“Come on, let’s wash your hands,” I said to the 22-month-old girl in the church nursery yesterday. They had had a treat, and she was a little sticky. The toddler had been playing with the toy kitchen, and she responded by looking up at me and placing her hands under the plastic faucet of the play sink, as if fully expecting the water to gush out.
How do babies who hardly talk know so much? I had given my granddaughter, almost two, a miniature Barbie from MacDonalds, which she played with by hugging, and touseling the long hair. Then I snapped on the detachable wings which came with the doll, and she immediately began holding it aloft to fly! Who knew? Then later, she found some small airplanes in the toy area of the Cracker Barrel store where we had eaten, and “flew” them around, as high as she could reach.

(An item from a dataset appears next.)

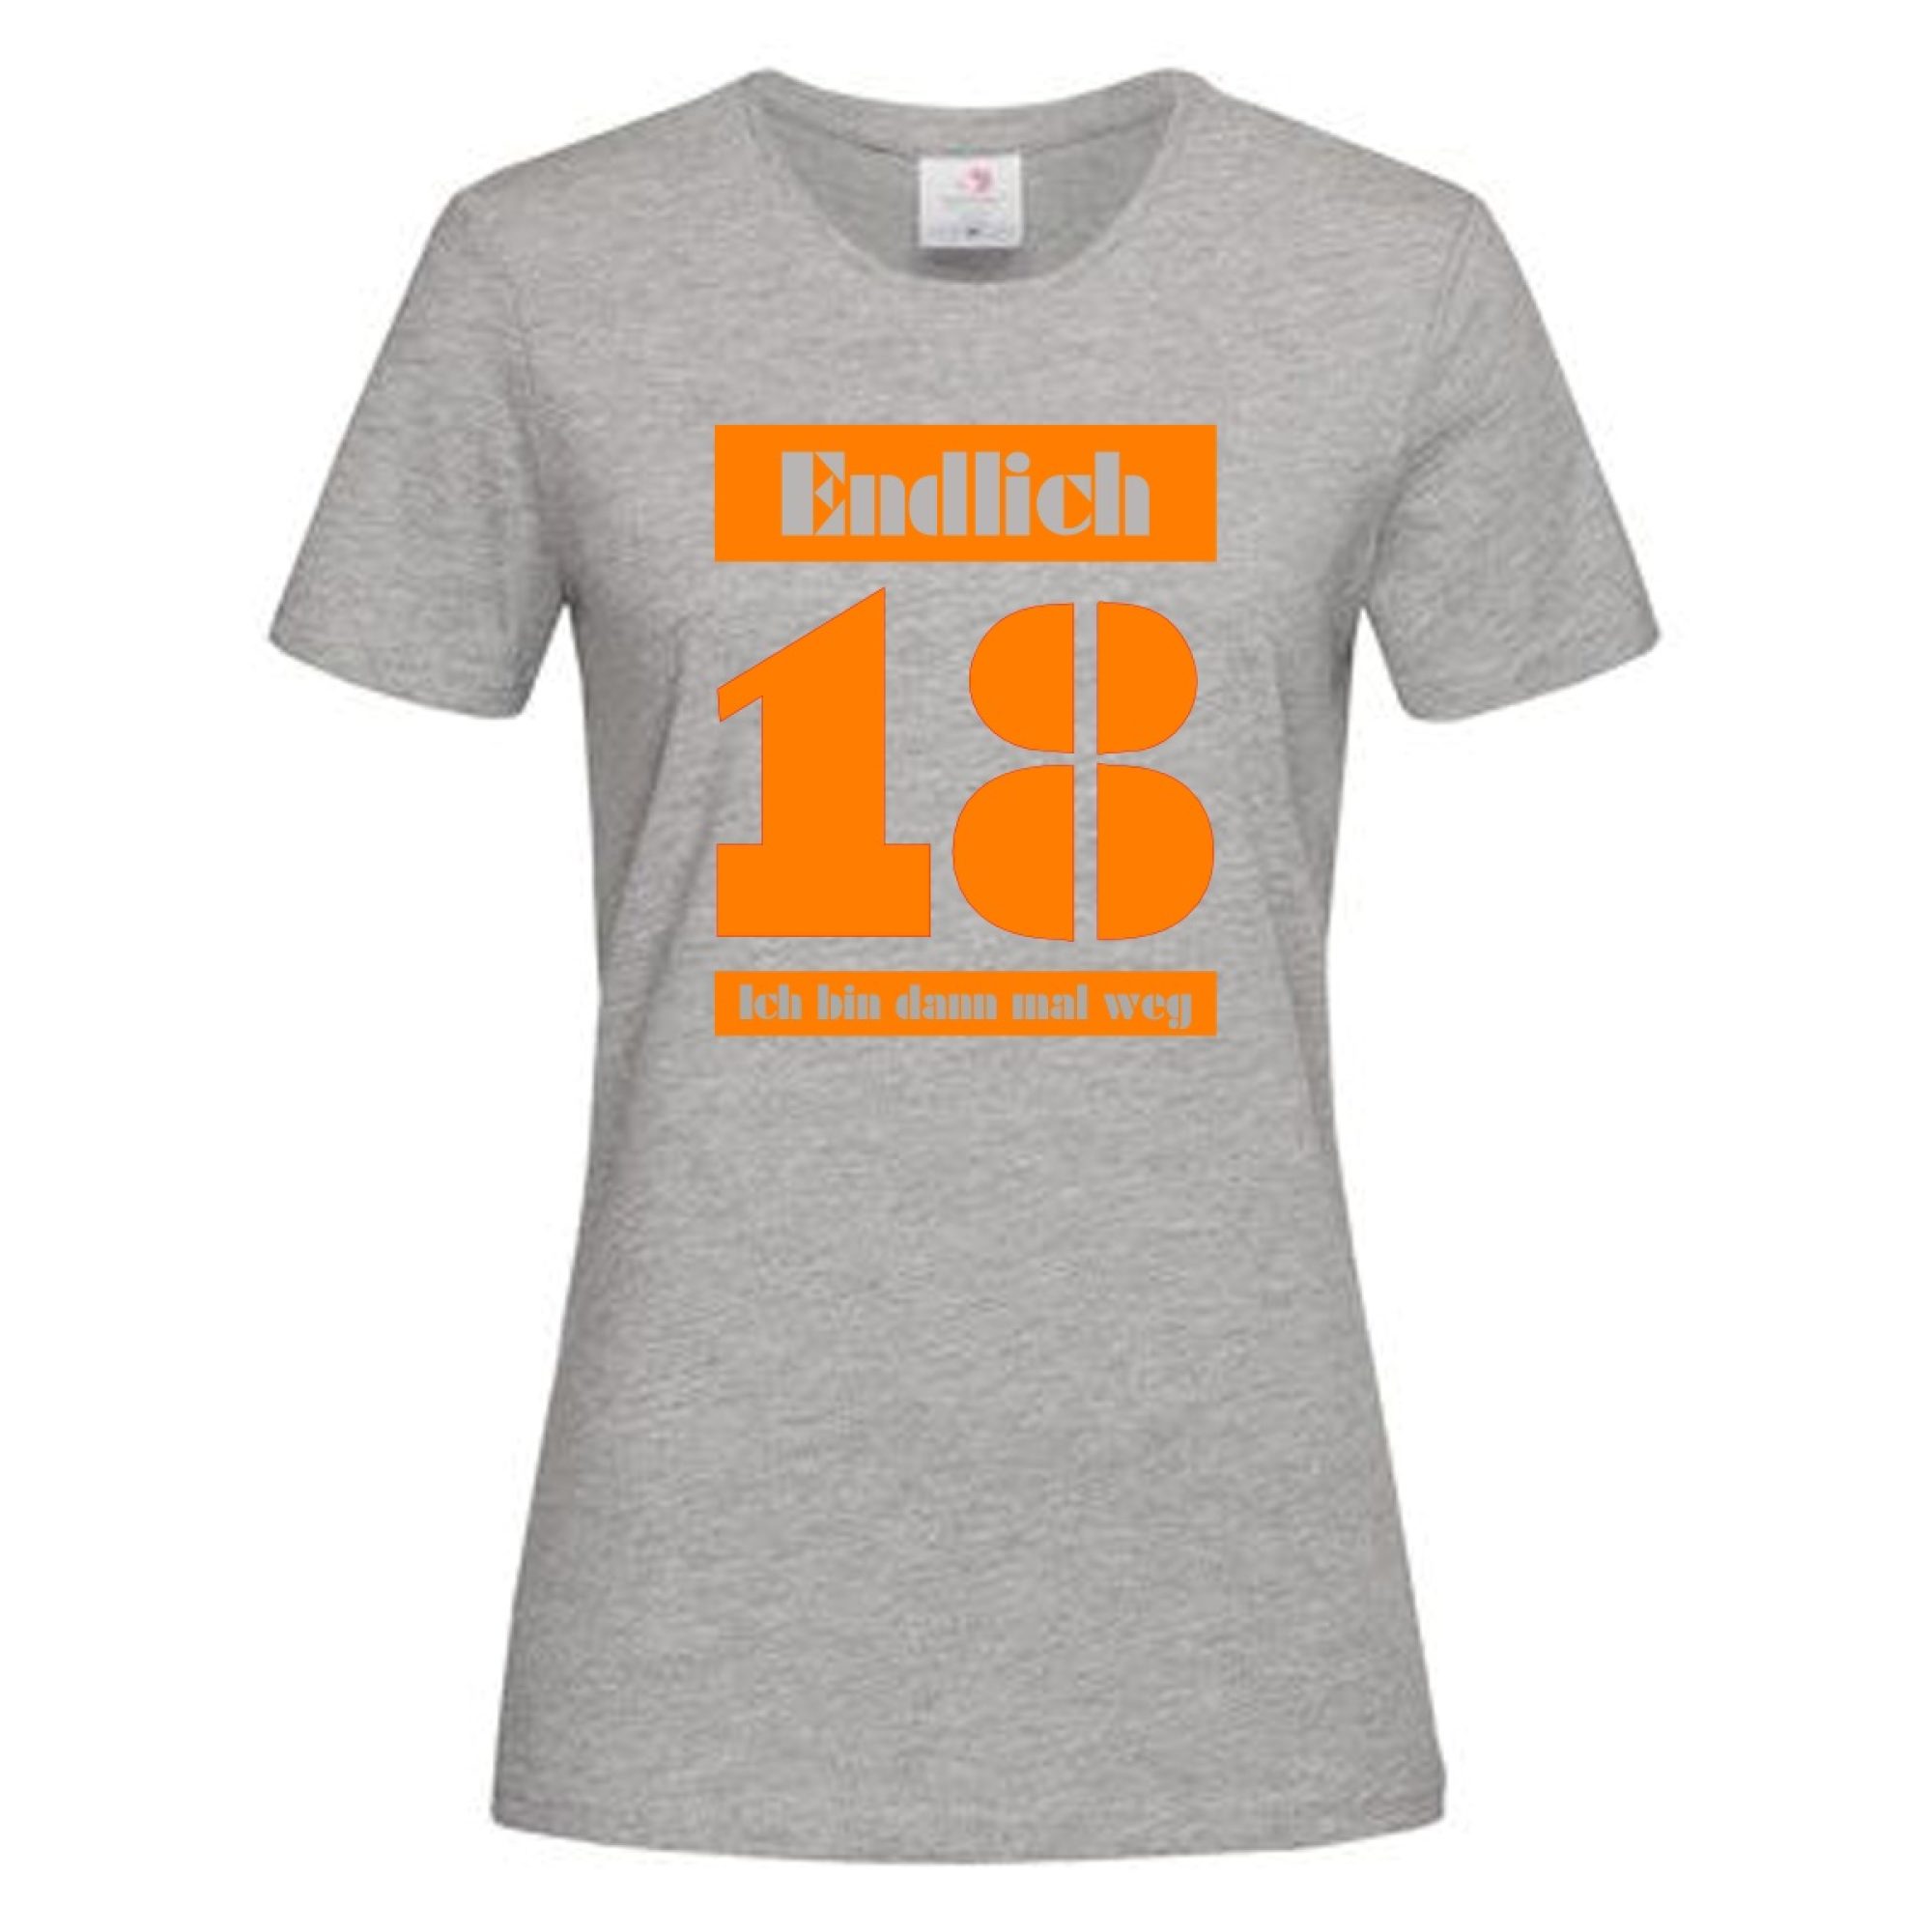 T-Shirt Geburtstag 18 Damen – Endlich 18 Ich bin dann mal weg

Since I am not around my little granddaughter much, I am always surprised by the great strides in development she has made since the last time I saw her. Thankfully, her parents try to keep us abreast of the children’s progress and the funny things they do. Yesterday our son, Jamie, told me of Maddie’s reaction when he went to pick her up from the nursery in their church after Sunday services. When she saw him, she grinned gleefully, dropped her toy and rocketed to him, throwing her arms around him like a drowning swimmer.
It reminded me of what happened in our home last night. We had been keeping our son, Greg’s, small terrier while he took his family on a weekend trip. Although the dog knows us well, it took her awhile to settle in and stop hovering around the door as if hoping they would walk in. She was well behaved and friendly, though, and just before it was time to go home, she was finally consenting to cuddle on my husband’s lap. Then my daughter-in-law, Joanna, came by to pick her up. I called the dog to come from the kitchen and got no immediate response. Then Joanna called her, and at the sound of her mistress’s voice she shot like a bullet into the room, almost knocking Joanna off her feet in her unadulterated glee at being reunited.
I couldn’t help but think of the parallel of the joy that will be ours when we see our Father in Heaven, and we are reunited with our absent loved ones. The Bible says “Eye has not seen, nor ear heard, Nor have entered into the heart of man the things which God has prepared for those who love Him.” I Corinthians 2:9. Not unlike the babies, we can only imagine.